SANTORAL - NUESTRA SEÑORA DE ITATÍ

TIEMPO ORDINARIO
SÁBADO DE LA SEMANA XIV 
09 de julio
NUESTRA SEÑORA DE ITATÍ. (MEMORIA)


    El Santuario se levanta en el pueblo de Itatí, a orillas del Alto Paraná y de la ciudad de Corrientes, en la República Argentina.
    Hacia el año 1528 los franciscanos arrojaron la primera semilla evangélica en el distrito de Santa Ana, llamado también Reducción de Yaguarí.

    Según la tradición la imagen de Itatí habría sido encontrada sobre una piedra (Itatí en guaraní significa "punta de piedra") en el curso del alto Paraná, no lejos del puerto de Santa Ana, los franciscanos la llevaron a la reducción, pero la imagen desapareció dos veces y volvió al lugar donde había sido encontrada. En este sitio se le edificó definitivamente su iglesia.

    Se cree que la imagen de la Virgen de Itatí fue traída de la reducción de Ciudad Real, provincia de Guayrá y venerada en la de Itatí, fundada hacia 1580 por fray Luis de Bolaños, cerca de la desembocadura del río Piquyry, en el Alto Paraná.

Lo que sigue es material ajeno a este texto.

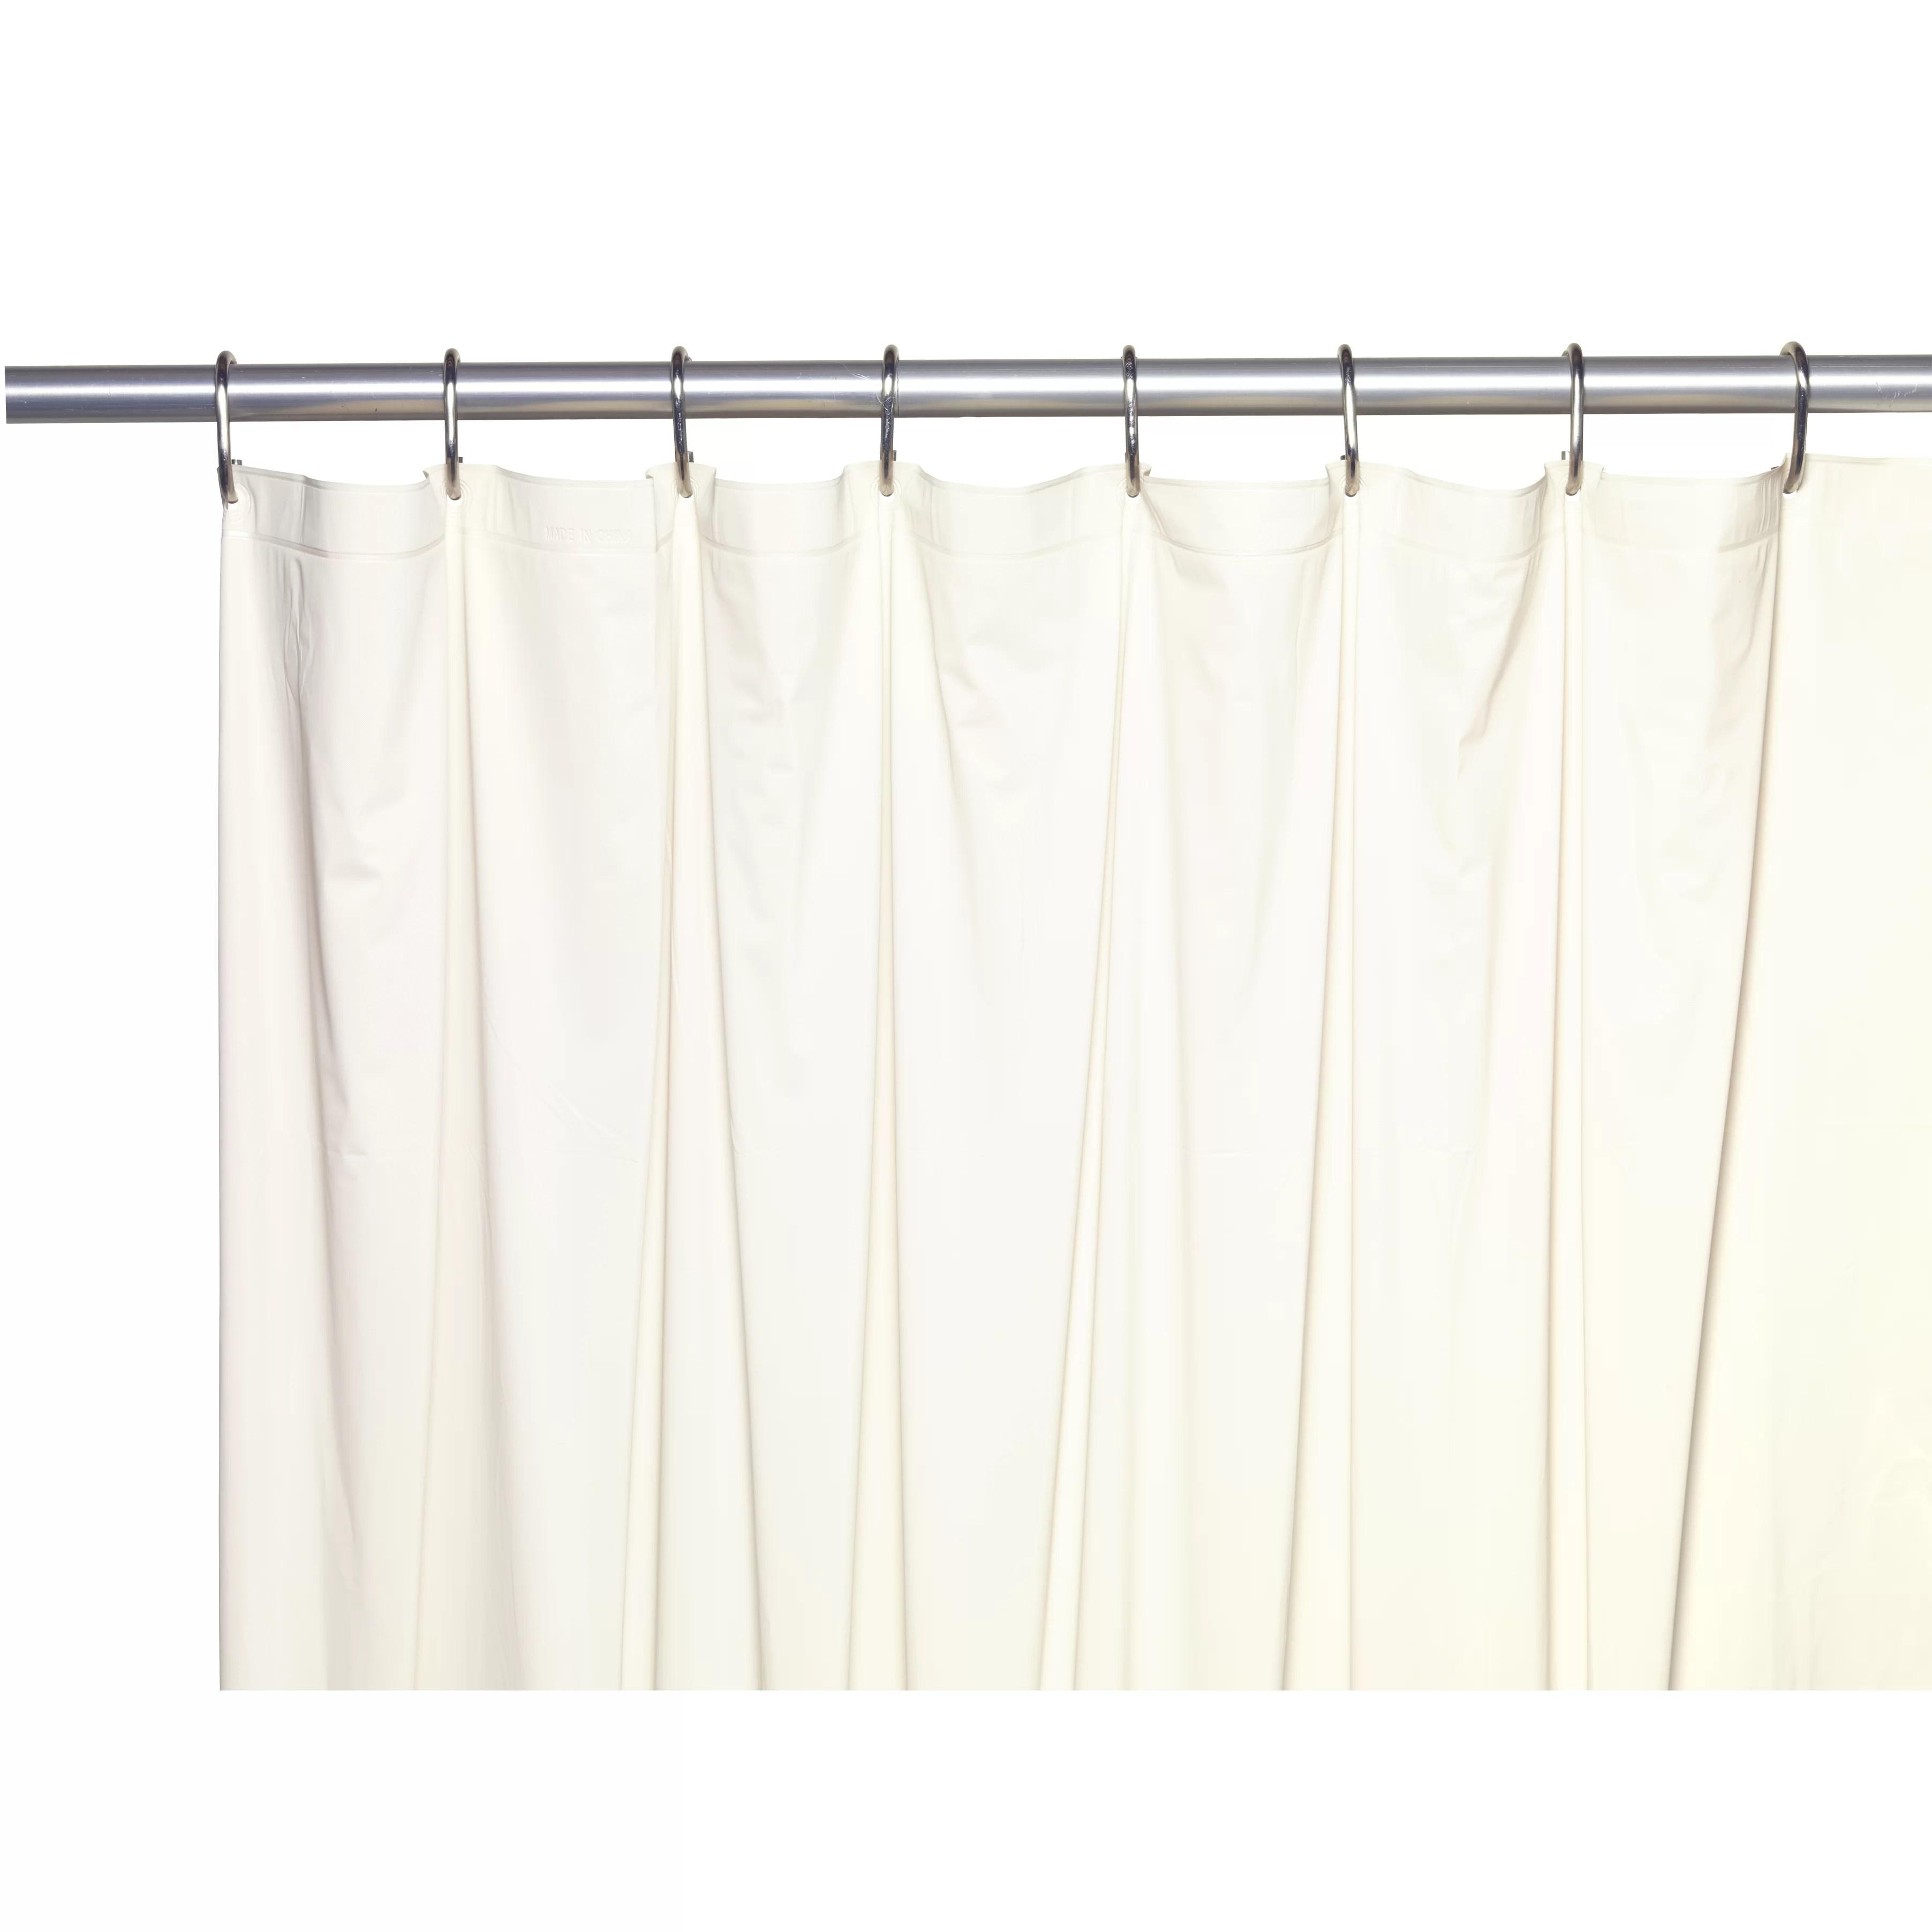 Ben and Jonah Vinyl 5 Gauge Shower Curtain Liner  Wayfair

Al ser atacada la reducción, los franciscanos emigraron hacia el sur, llevando consigo la imagen de la Virgen y así llegaron a la región de Yaguarí, donde estaba la Reducción de otro franciscano, fray Luis Gámez. En ese lugar realizaron un oratorio y colocaron a la Virgen, pero los indios vecinos se llevaron la imagen.

    Luego otros indios, que pescaban en una bajante del río Paraná, descubrieron sobre una piedra la imagen robada. Avisaron a fray Luis Gámez, quien dispuso que la trasladaran a la reducción de Santa Ana del Yaguarí. De allí la imagen desapareció dos veces y volvió a aparecer en el lugar donde fue encontrada. Entonces resolvieron trasladar la reducción al paraje donde la Virgen parecía querer ser venerada.

    El puerto de Santa Ana quedo abandonado, y la nueva población fue llamada Pueblo de Indios de la Pura y Limpia concepción de Nuestra Señora de Itatí.
    El Santuario se levanta en el pueblo de Itatí, a orillas del Alto Paraná y a 70 kilómetros de la ciudad de Corrientes, en la República Argentina.
    La imagen es una talla de madera, mide un metro veintiséis centímetros de altura. Tiene sus manos juntas en posición de oración, viste un manto azul y túnica blanca.

    El 16 de julio de 1900, la imagen de la Virgen de Itatí fue solemnemente coronada, el 3 de febrero de 1910, el Papa Pío X creó la Diócesis de Corrientes, su primero Obispo fue Monseñor Niella.

    El 23 de abril de 1918, la Virgen de Itatí, fue proclamada Patrona y protectora de la diócesis de Corrientes. Su fiesta se celebra el 9 de julio.